Re: [Condor-users] Condor and KVM: cannot connect to qemu:///session



Hi Tim,

Sorry for emailing you again, but I am still running into the same problem, and I can't get it sorted out. I've played with permissions, and Condor is, in fact, being started as root, so I'm not sure where to go from there.

One of the details that I suspect may be causing problems might be that our user home directories are all stored in AFS. So, if I am running on a machine as root and I su into a user, I cannot access their home directory, because I do not have the AFS credentials to do so.

To try and get around this, I gave public permissions to the .libvirt folder in my user's home directory, but it still failed.
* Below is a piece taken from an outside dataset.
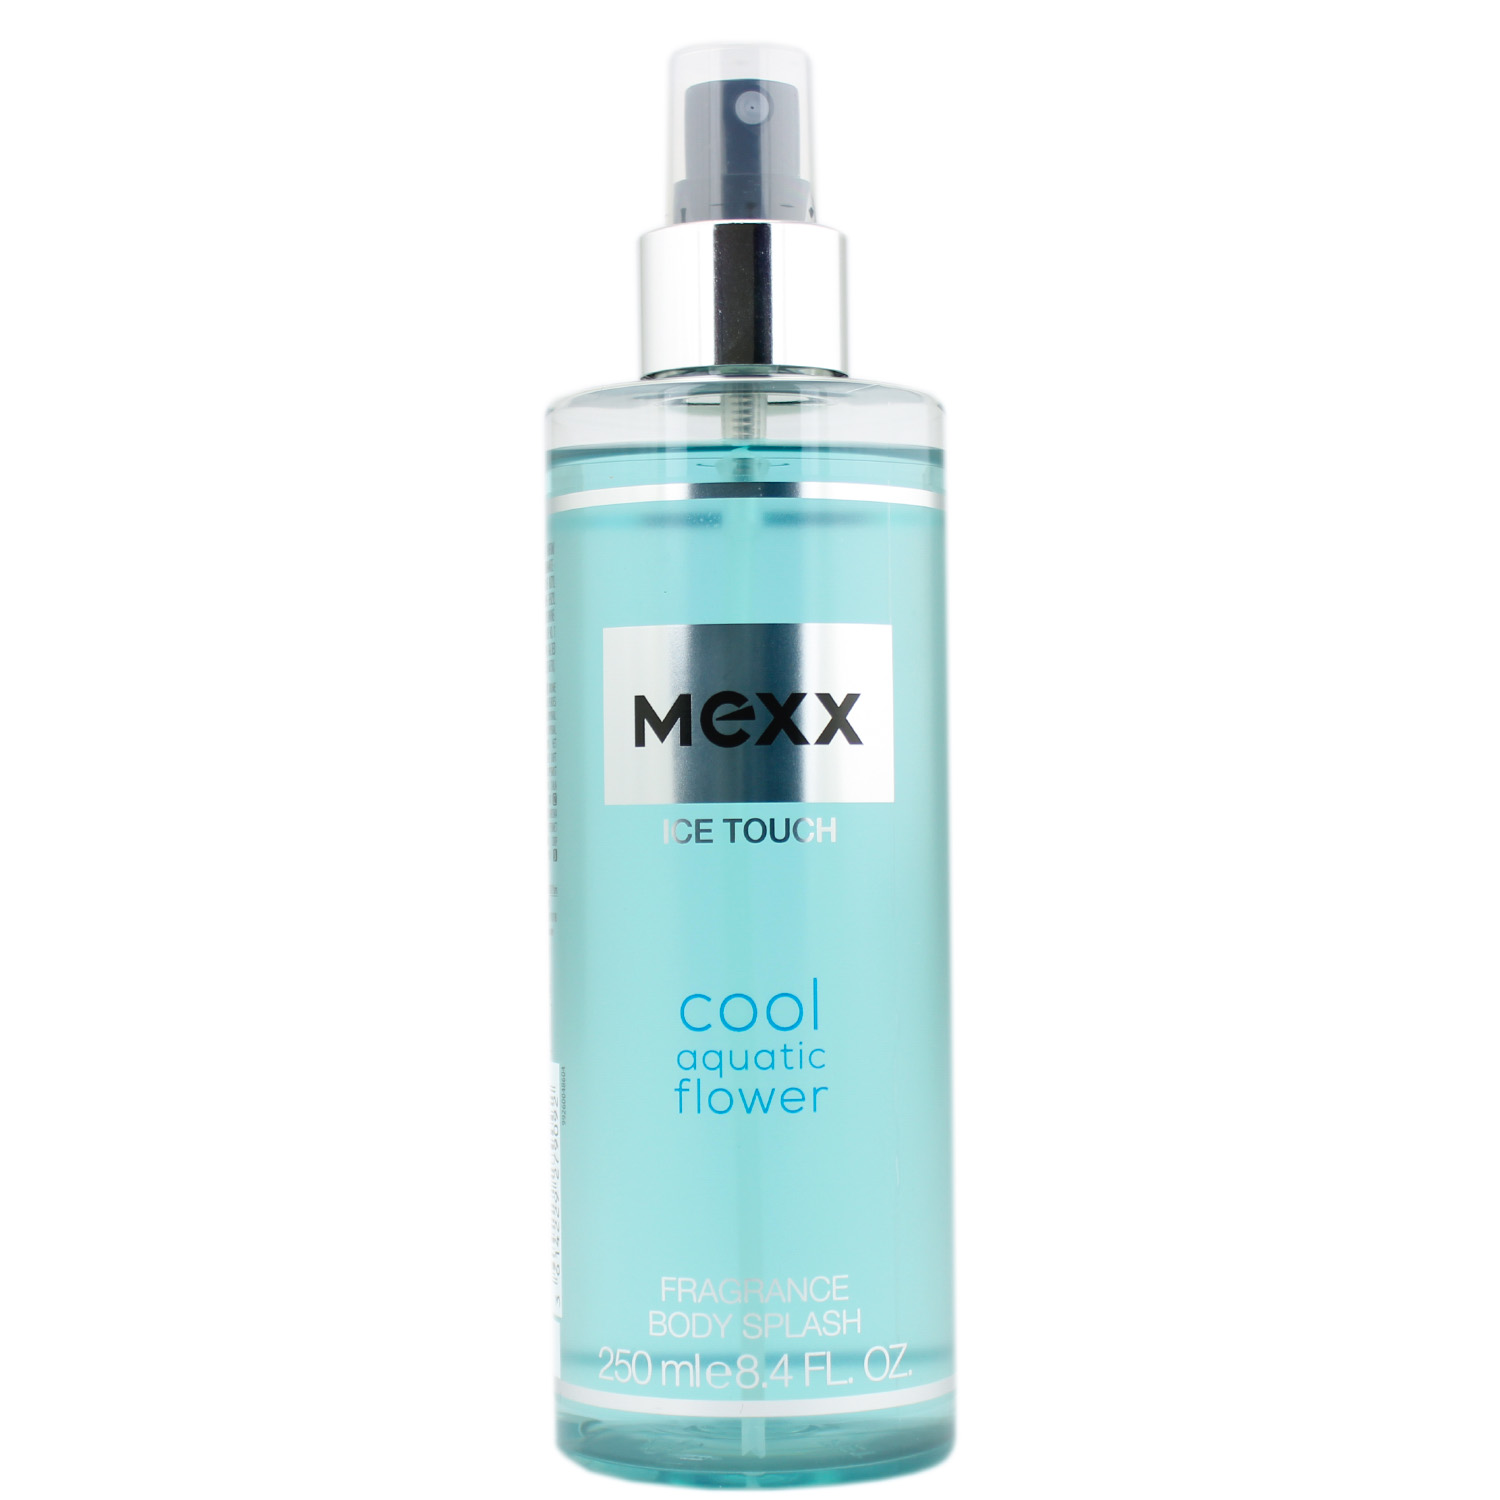 Mexx Ice Touch for Woman Cool Aquatic Flower Body Splash 250ml

In addition, I tried creating a user with a local home directory at one point and using that, but it still didn't work.

Do you know exactly what directories/files Condor has to be able to write to in the user's home directory to be able to start up a virtual machine? Does Condor define the XML file for the VM in the user's home directory? Or does it get defined in /etc/libvirt?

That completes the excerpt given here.